2.3. Problem Definition

As was already mentioned, this study aims to develop a GAN model capable of learning the statistical and temporal patterns of hourly electrical load profiles from various datasets comprising both residential and industrial buildings. Each sample in the dataset represents a 24-dimensional vector, corresponding to a single day’s worth of hourly active power (kW) measurements at a one-hour temporal granularity. The trained GAN should generate synthetic load profiles that have the same dimensionality and distributional characteristics as the original data. The output must preserve realistic daily variation, distinguish building types implicitly, and maintain temporal coherence within each day.

The synthetic dataset must adhere to the following requirements:

Statistically similar to the real dataset in terms of distribution and variance;
Temporally consistent, reflecting plausible daily behavior (e.g., peak hours);
Unidentifiable, i.e., not replicating individual real profiles;
Equal in shape, with the same number of samples and dimensions as the input dataset, to facilitate downstream modeling without reconfiguration.

Furthermore, the proposed methodology should be applicable in the case where a limited amount of data are available.

Let the original training dataset with a temporal resolution of 1 h (i.e.,

x_{i}^{t}

is the load at hour

t \in \{1,2, \dots, 24\}

) be the following:

χ = \{x_{1}, x_{2}, \dots, x_{N}\}, x_{i} \in R^{24},

(1)

where

χ

is the dataset of real electrical load profiles,

N

is the number of daily profiles (i.e., the number of rows), and

x_{i}

is a 24-dimensional vector representing hourly power load for day i.

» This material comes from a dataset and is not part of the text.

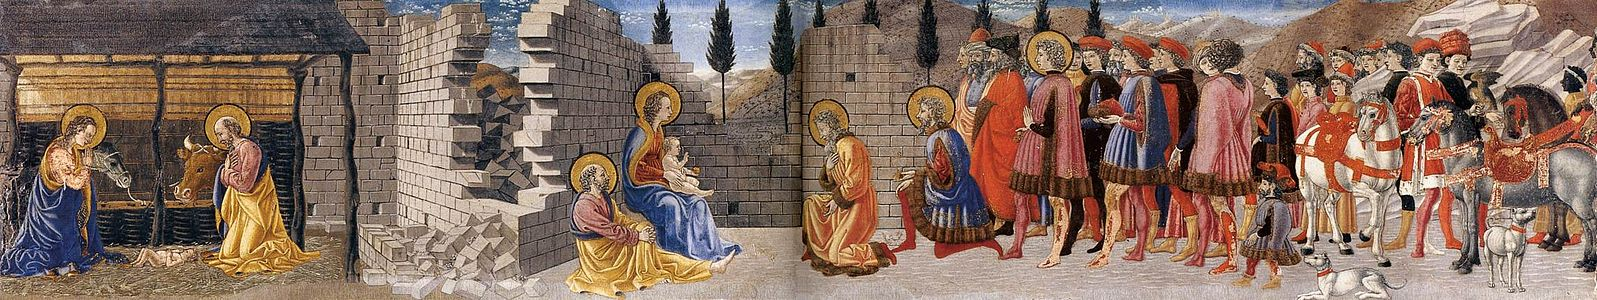 Nativité adoration mages crèche naissance Jésus Giovanni di Francesco
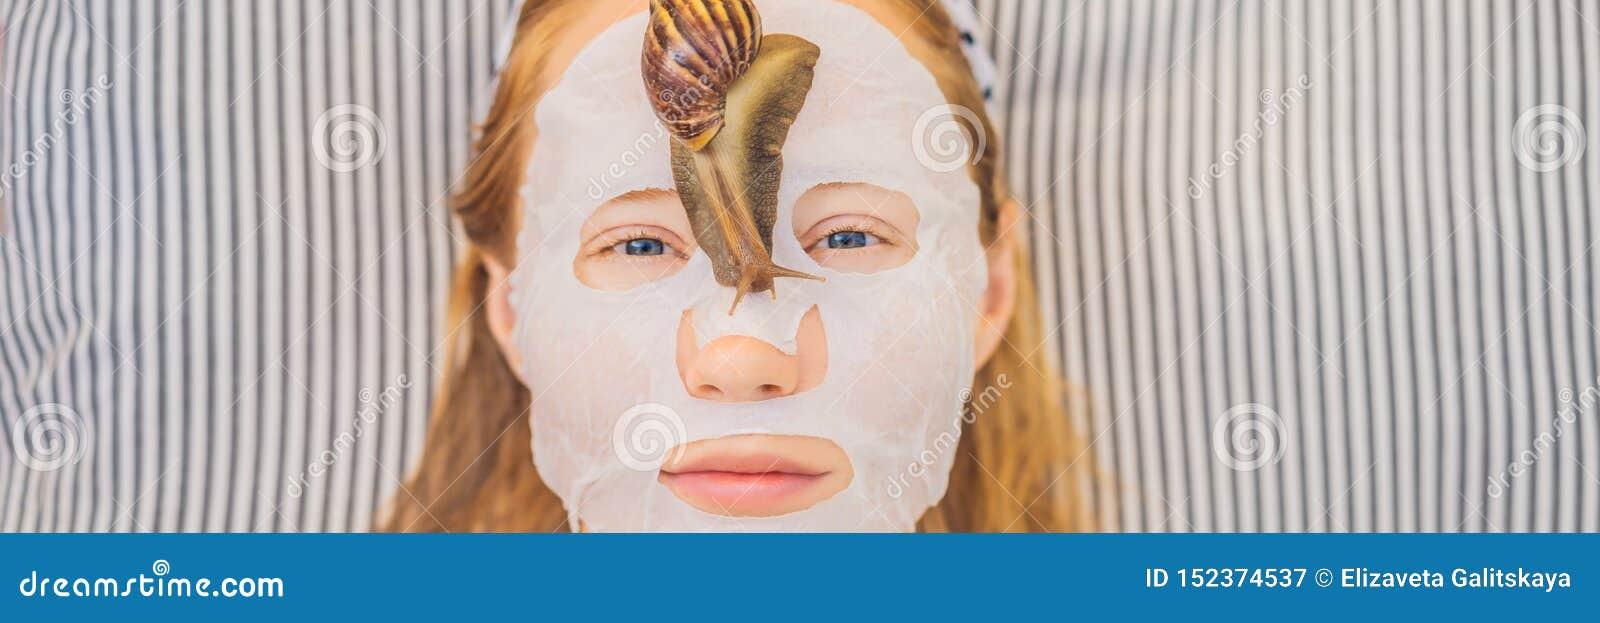 年轻女人做与蜗牛黏液的一面膜 蜗牛爬行在面膜横幅的,长的格式

The GAN is trained by solving the following min–max optimization problem:

\min_{G} \max_{D} = E_{x} [\log D (x) + E_{z} [\log (1 - D (G (z)))]],

(2)

where

D (x)

is the output of the discriminator, D, when given a real sample x,

E_{x}

is the expected operator applied to all real instances and represents the average value of the discriminator’s output given a real sample, x, as an input;

G (z)

is the output of the generator, G, when given a random input z (usually noise);

D (G (z))

is the output of the discriminator when given the output of the generator (the discriminator’s classification whether the generated sample is real or fake); and

E_{z}

is the expected value operator that is applied to all random inputs to the generator (i.e., the average value of the discriminator’s output when given the generated sample z as input).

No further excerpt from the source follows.